Ismail juga membeberkan kronologi aspirasi masyarakat terkait kondisi jalan tersebut. Peninggian Jalan Tanggul Cendana sebenarnya memang merupakan usulan warga untuk meminimalisir luapan air sungai yang kerap menenggelamkan ratusan rumah warga sekitar saat curah hujan tinggi.
“Bahkan saya sendiri yang mengusulkan langsung kepada Bapak Bupati dan Kepala Dinas PUPR pada waktu itu. Usulan peninggian tanggul ini disampaikan kepada Bidang Bina Marga sebagai leading sector yang mengurusi jalan kabupaten, bukan kewenangan pihak kelurahan. Selain itu, proyek penanganan banjir skala besar seperti ini membutuhkan anggaran besar yang jelas tidak akan mampu dicover oleh Dana Kelurahan,” jelasnya.
Namun, pelaksanaan proyek ini dinilai janggal karena pihak Kelurahan Alliritengae diduga berjalan sendiri tanpa koordinasi. Ismail mengaku telah berupaya mengonfirmasi hal tersebut kepada Lurah Alliritengae sejak awal pekerjaan dimulai, tetapi tidak membuahkan hasil.
“Kami berusaha menghubungi Pak Lurah baik melalui telepon langsung tidak diangkat, pesan WhatsApp tidak dibalas, bahkan saat kami mendatangi Kantor Kelurahan pun tidak berhasil bertemu karena alasan beliau sedang berada di luar kantor untuk tugas lapangan,” ungkap Ismail.
Selain persoalan dugaan salah sasaran anggaran dan ketiadaan koordinasi dengan Dinas PUPR, LEMKIRA Indonesia juga menemukan indikasi masalah teknis di lapangan. Hasil pemantauan fisik menunjukkan adanya beberapa bagian struktur beton yang sudah mengalami retak dan patah, terutama di area yang berada tepat di atas saluran pintu air. Kondisi ini dikhawatirkan dapat mengganggu ketahanan dan merusak lapisan struktur bangunan bawahnya.
Tak hanya itu, elevasi peninggian jalan setinggi 30 cm dari permukaan jalan lama juga dipertanyakan kelayakan teknisnya. Tanpa adanya kajian akademis atau studi lapangan resmi yang menjamin keamanan dari luapan air sungai, peninggian tersebut dikhawatirkan tidak akan efektif meredam banjir.

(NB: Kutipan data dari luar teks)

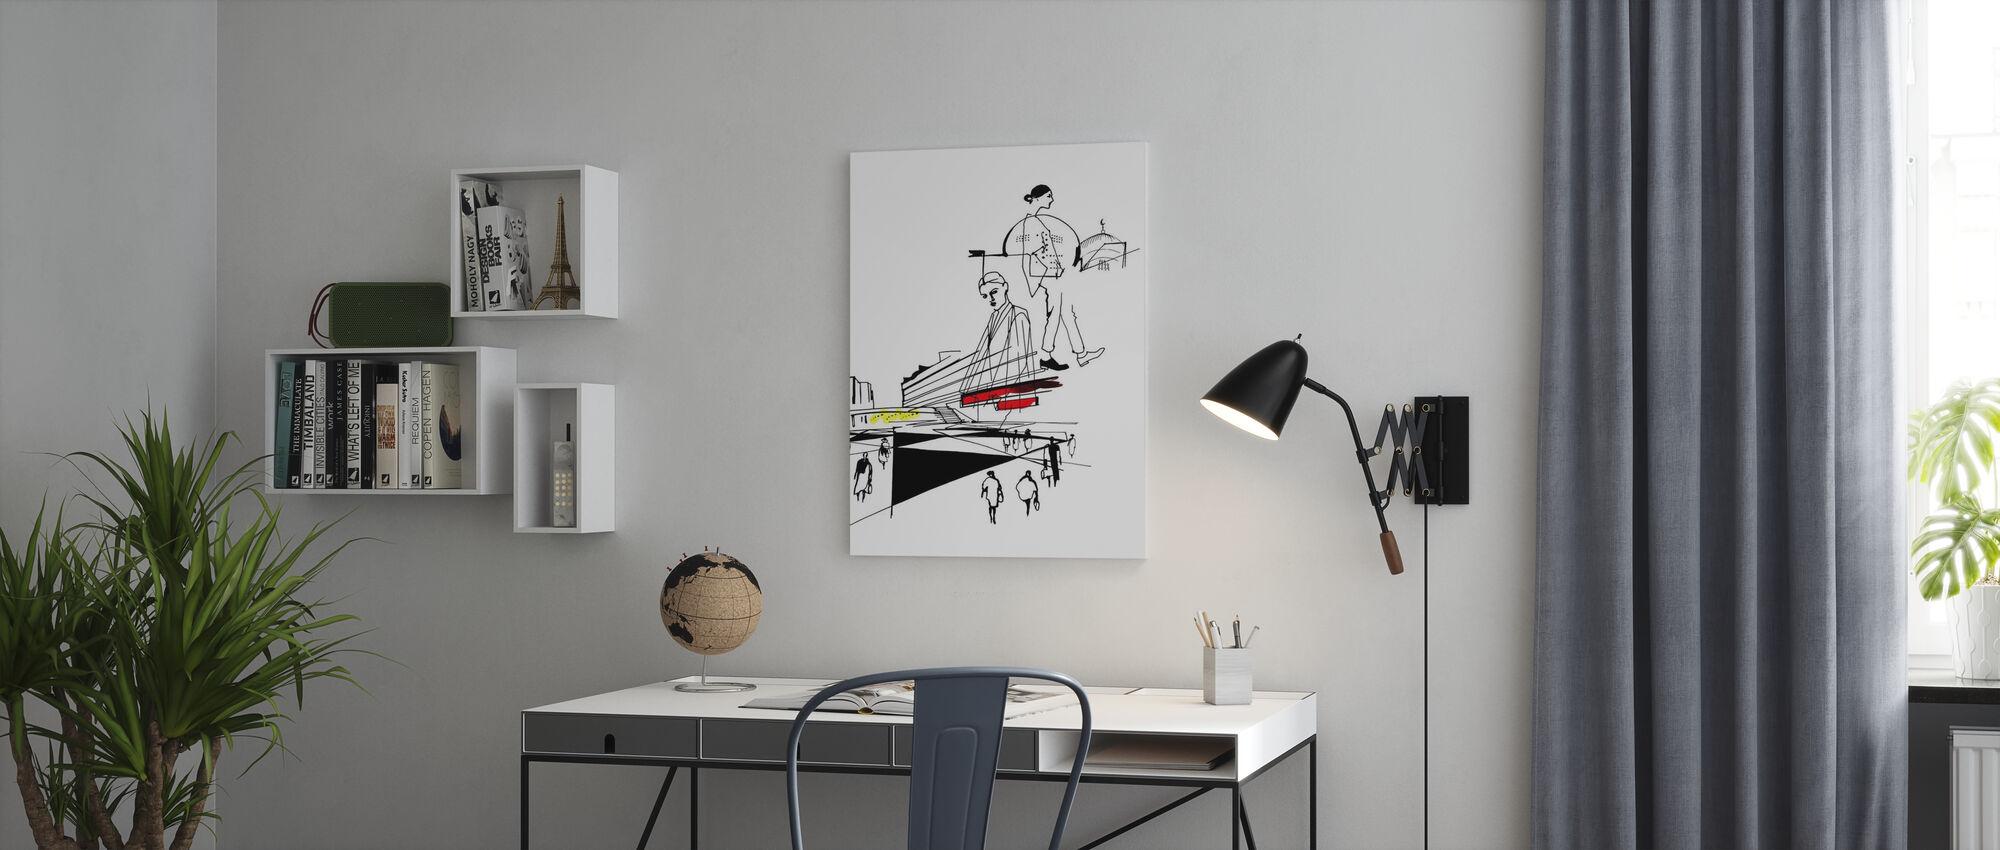 Stockholm - Sergels Torg - Canvas print - Office

Atas rentetan temuan tersebut—mulai dari dugaan penyalahgunaan kewenangan anggaran Dana Kelurahan, hilangnya koordinasi teknis dengan Dinas PUPR Maros, hingga indikasi kerusakan fisik beton di atas pintu air—LEMKIRA Indonesia mendesak aparat penegak hukum untuk segera mengusut tuntas proyek tersebut.

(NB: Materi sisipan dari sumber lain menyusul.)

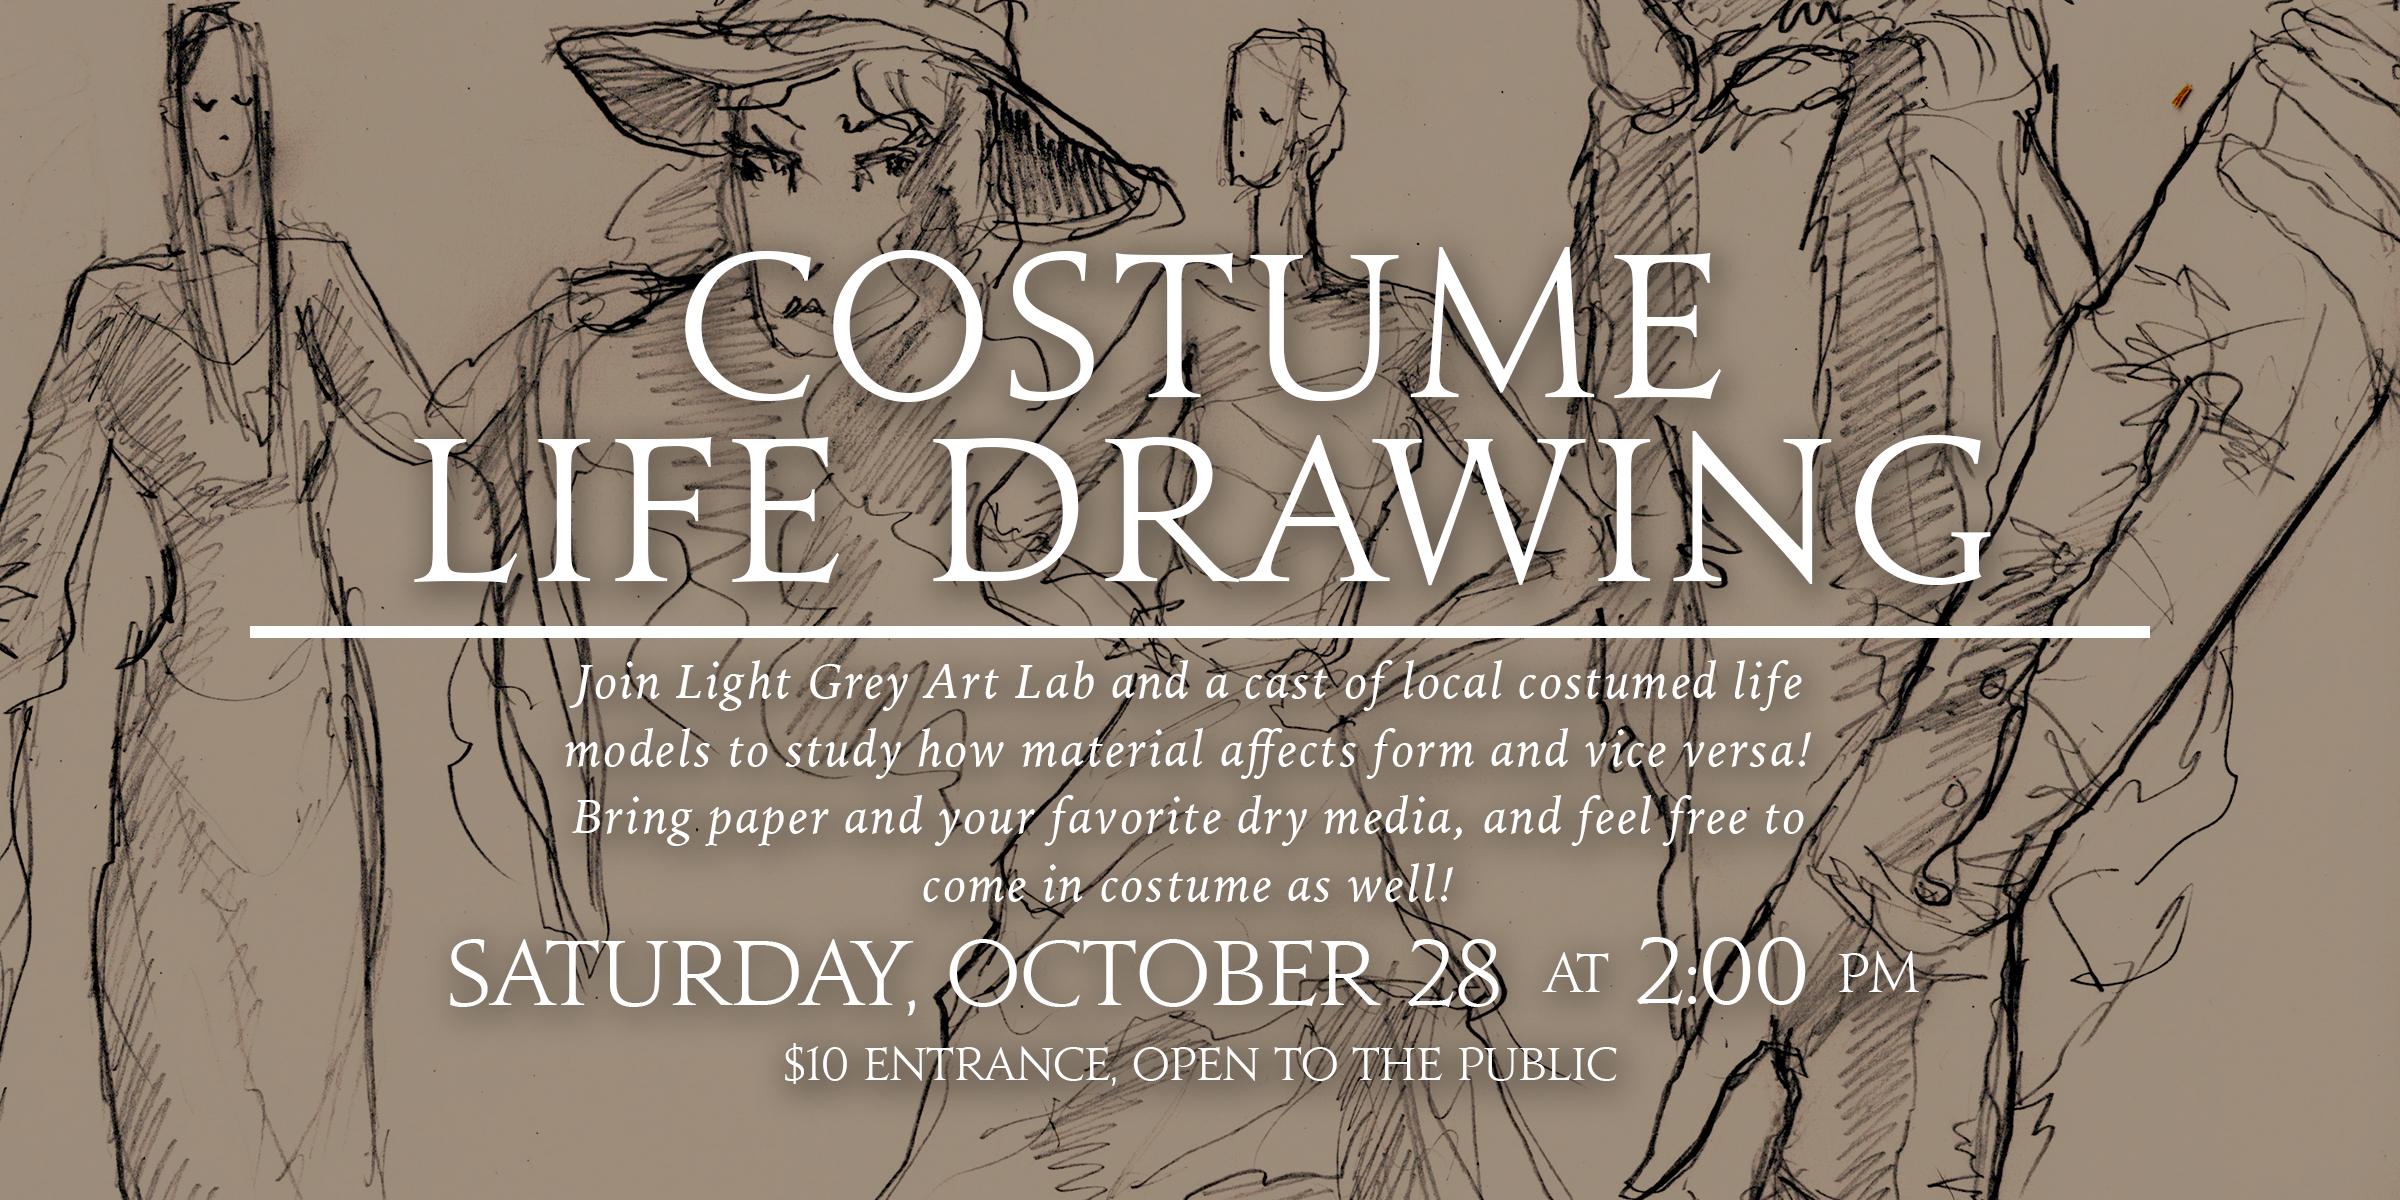 costume_life_drawing.jpg

“Atas berbagai temuan dan kejanggalan ini, kami secara resmi mendesak Kejaksaan Negeri Maros untuk segera melakukan pengumpulan bahan keterangan dan melakukan penyelidikan mendalam atas pelaksanaan proyek Rehabilitasi Kanal Banjir Jalan Tanggul Cendana ini,” pungkas Ismail Tantu.